EXERCISE
Return each line of the listing exactly, though without its images.
BEGIN COLLECTED MATERIAL
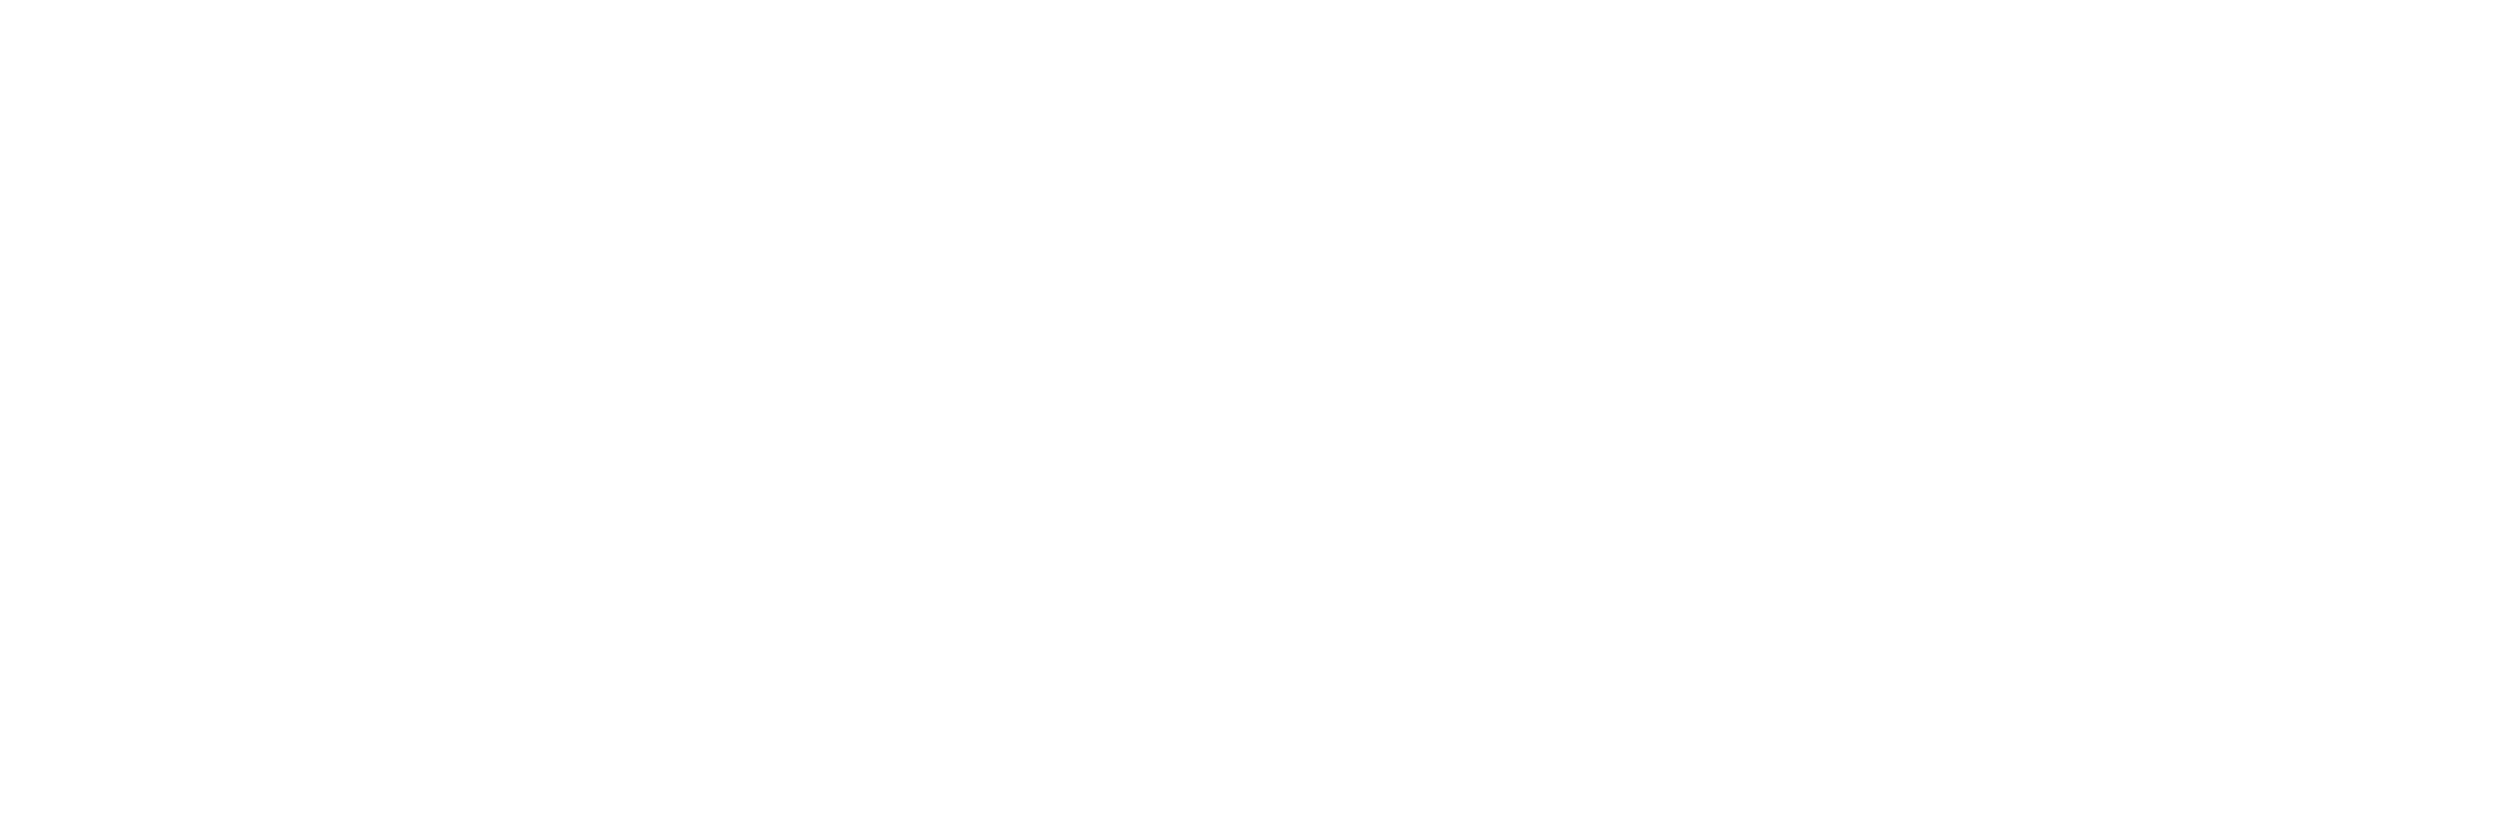 DigitalMarketer Certified partner
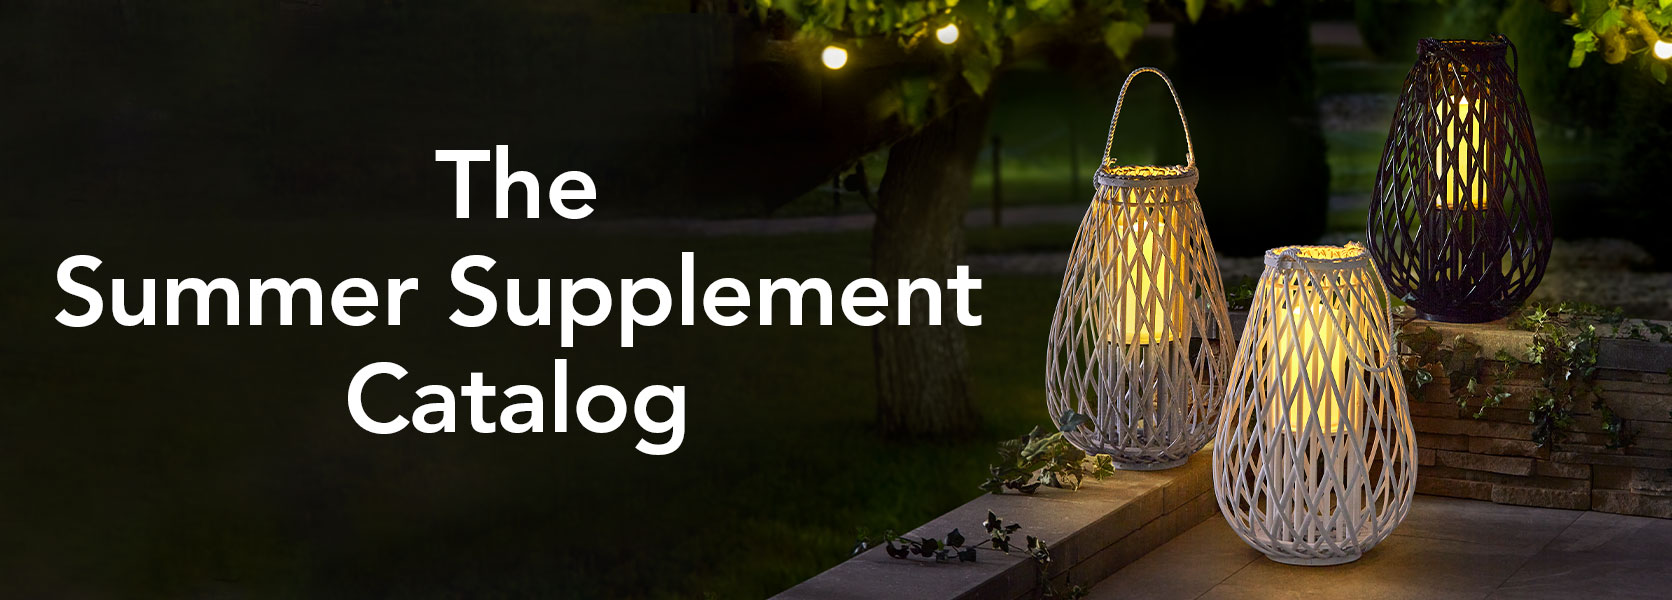 The Solar Candle Wicker Lantern
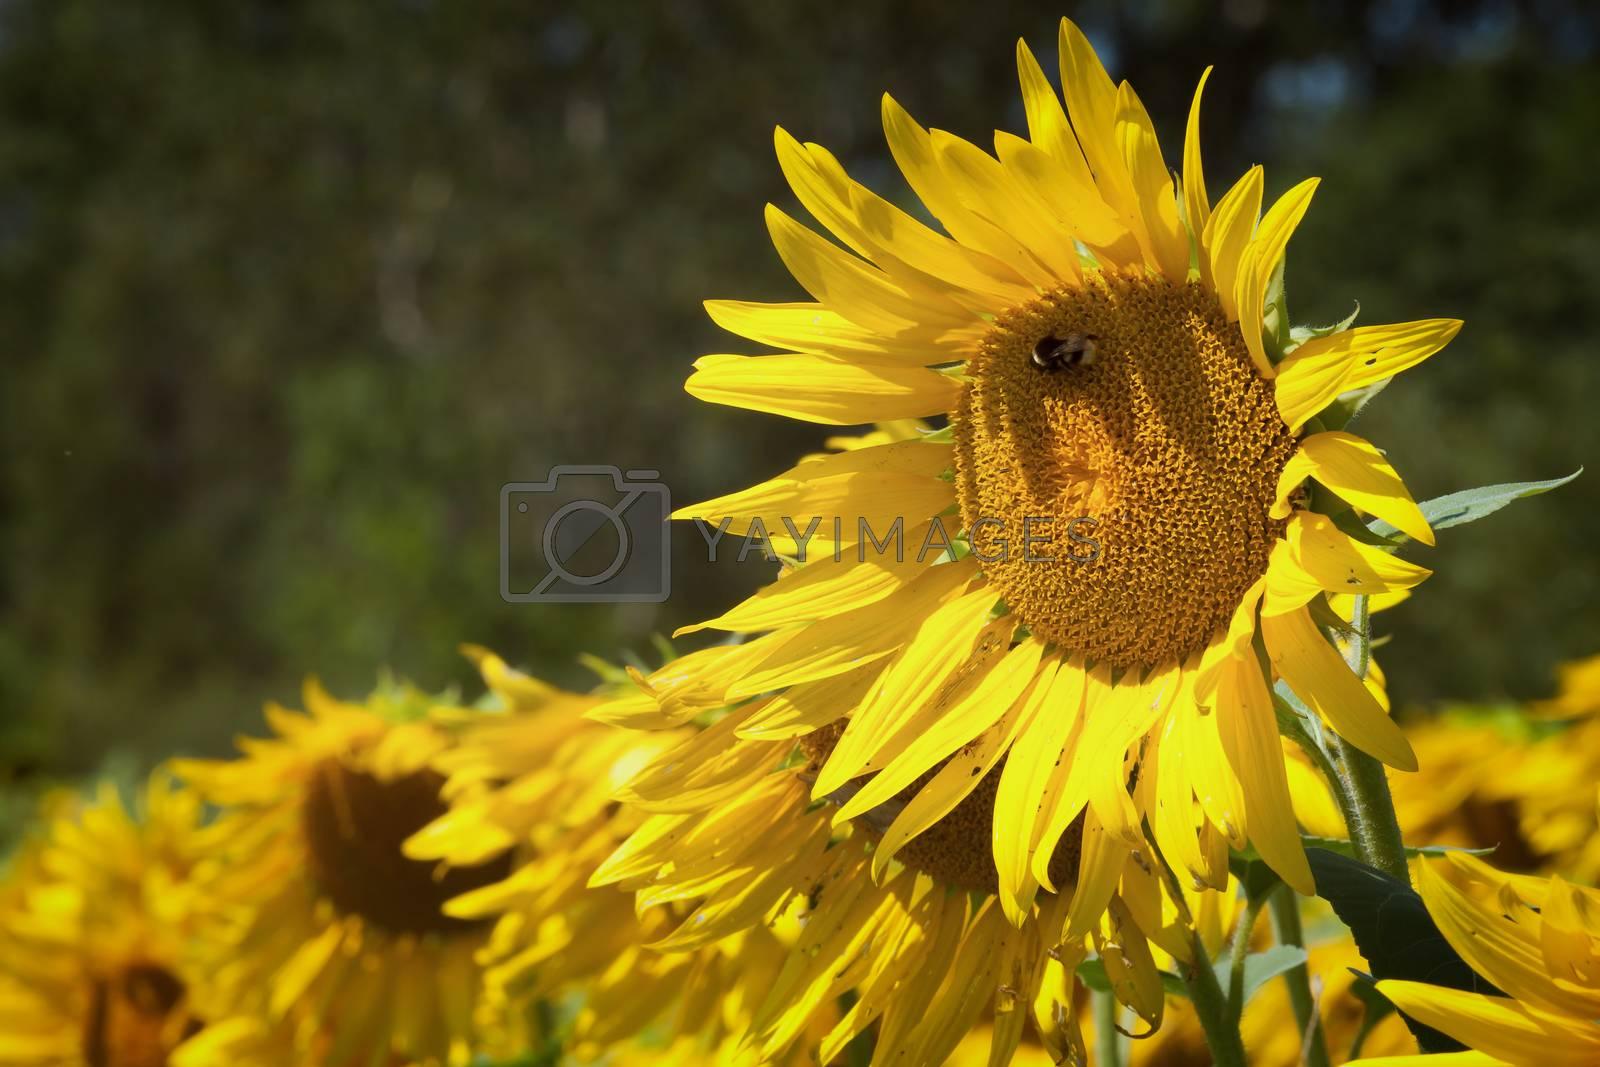 Sunflower field in summer
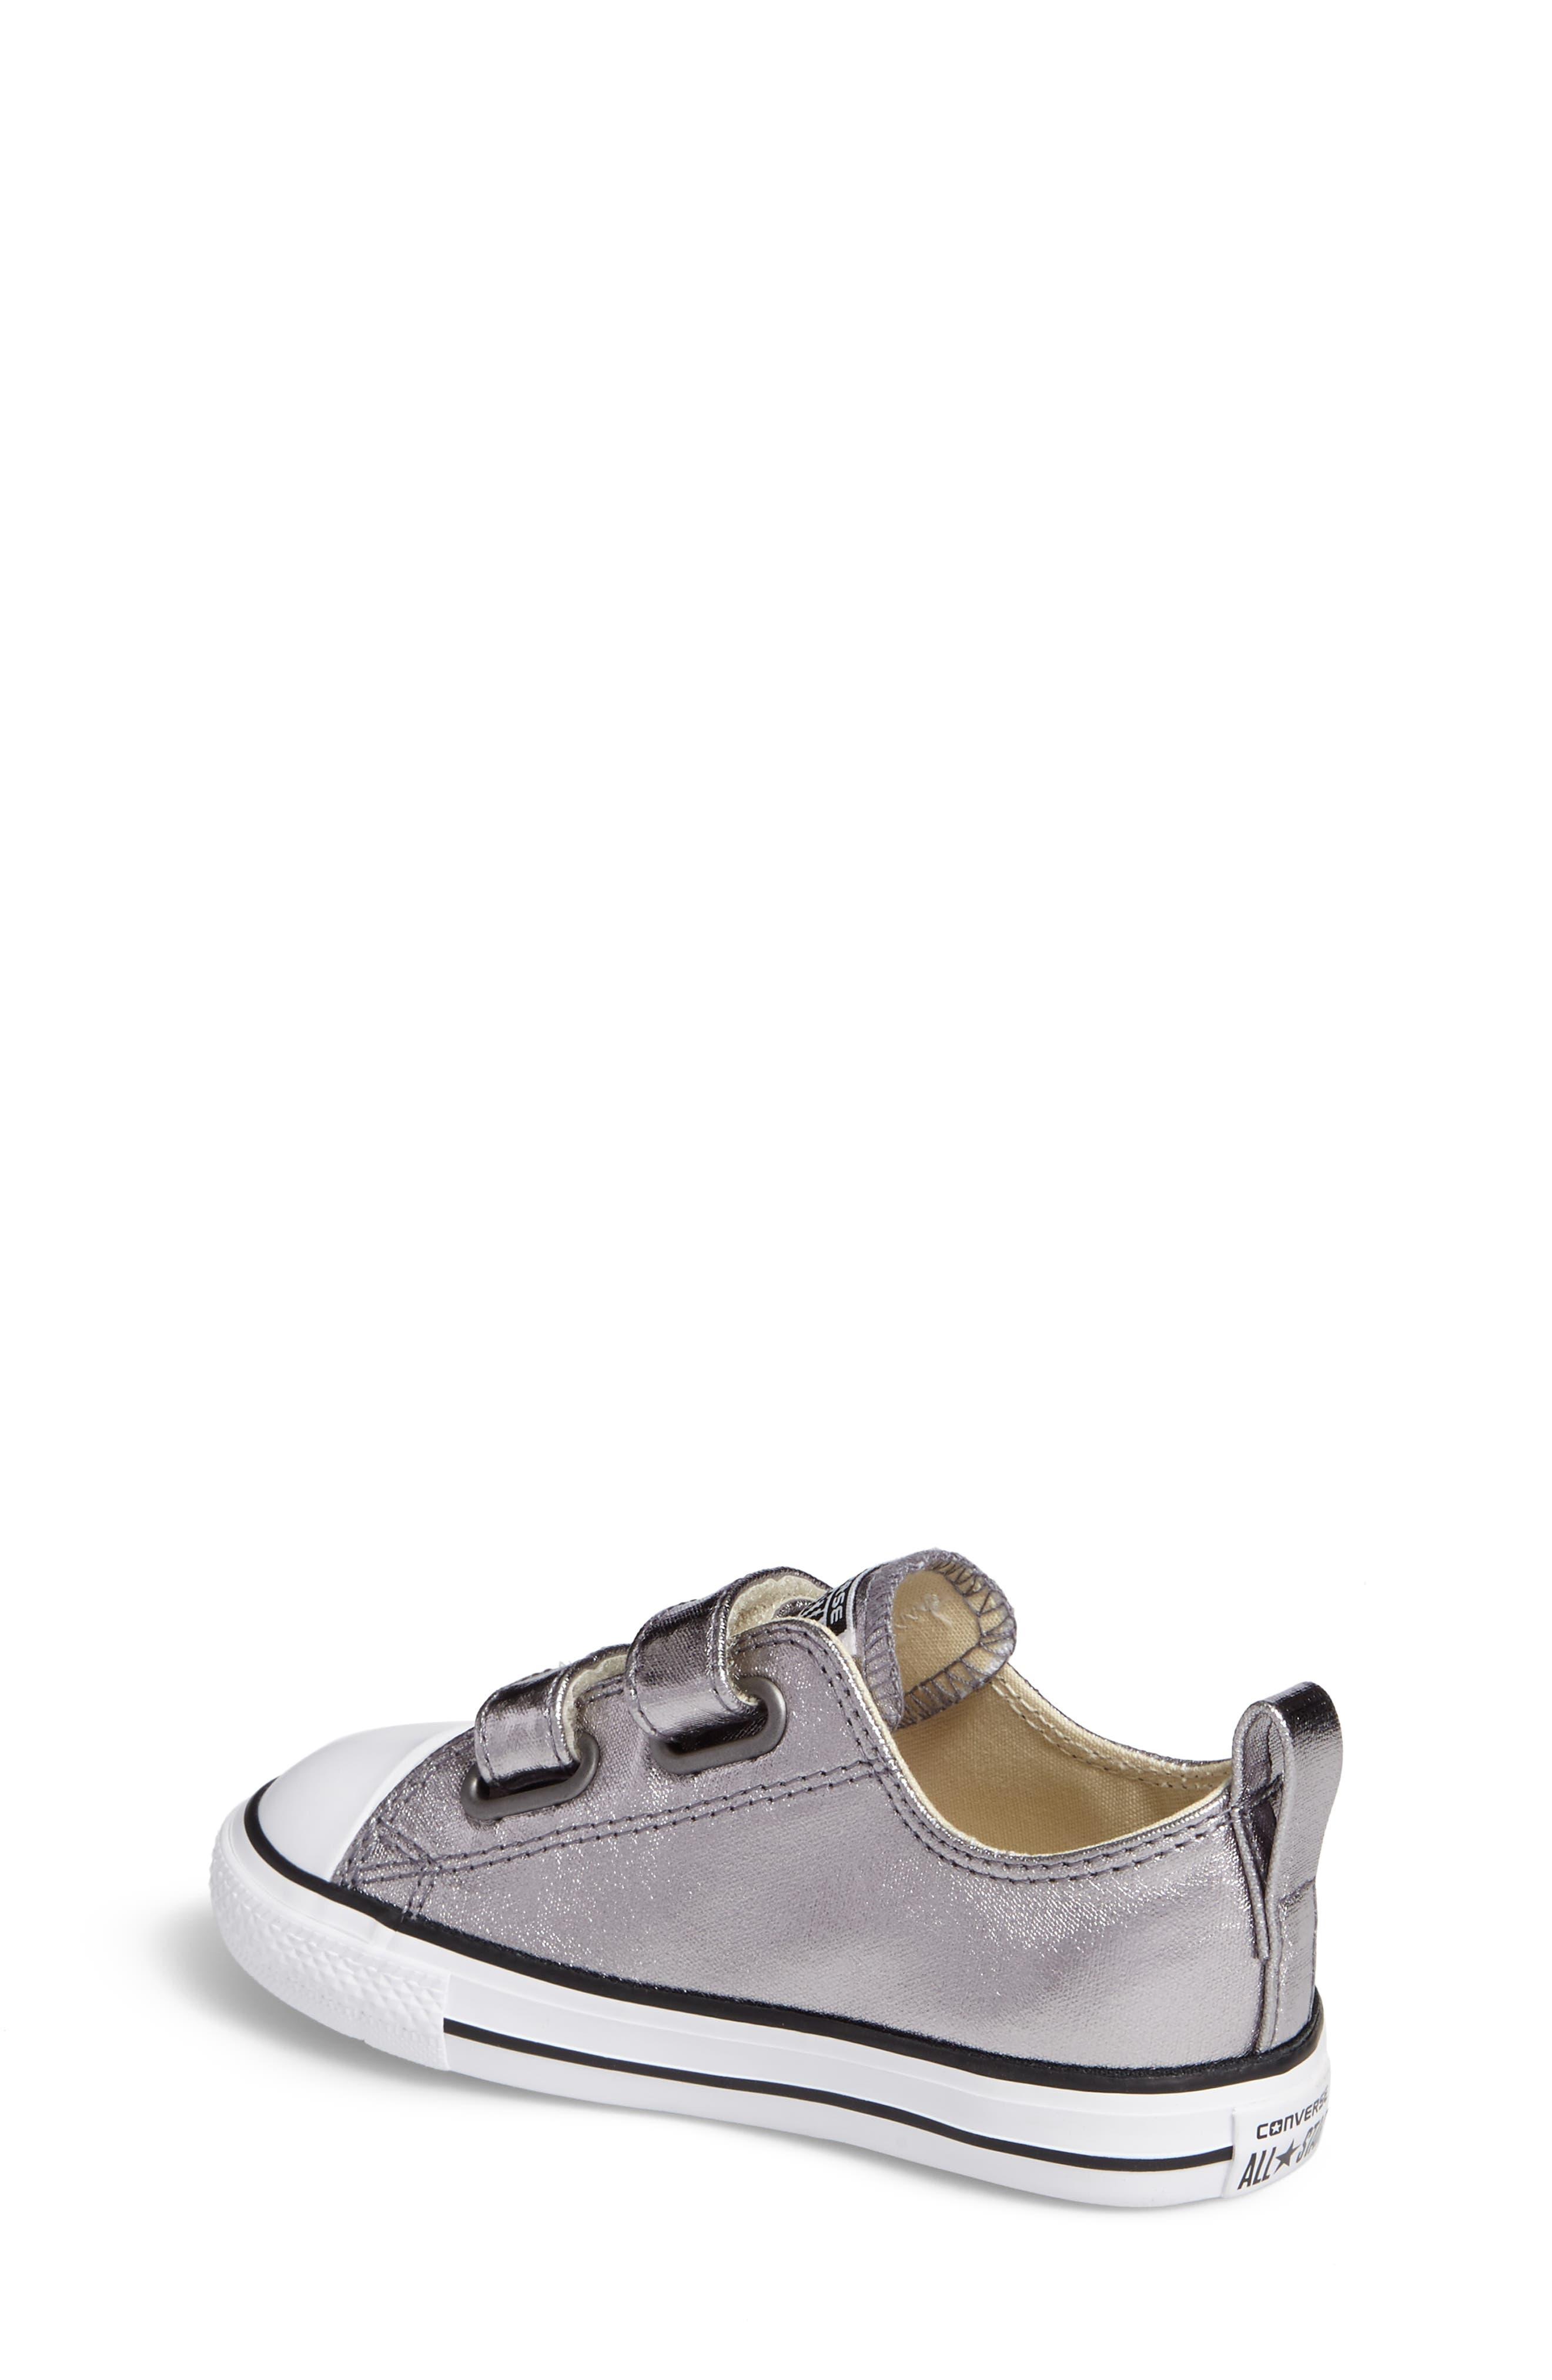 Chuck Taylor<sup>®</sup> All Star<sup>®</sup> Seasonal Metallic Low Top Sneaker,                             Alternate thumbnail 2, color,                             040
END COLLECTED MATERIAL
RESULT
 DigitalMarketer Certified partner
 The Solar Candle Wicker Lantern
 Sunflower field in summer
 Chuck Taylor<sup>®</sup> All Star<sup>®</sup> Seasonal Metallic Low Top Sneaker,                             Alternate thumbnail 2, color,                             040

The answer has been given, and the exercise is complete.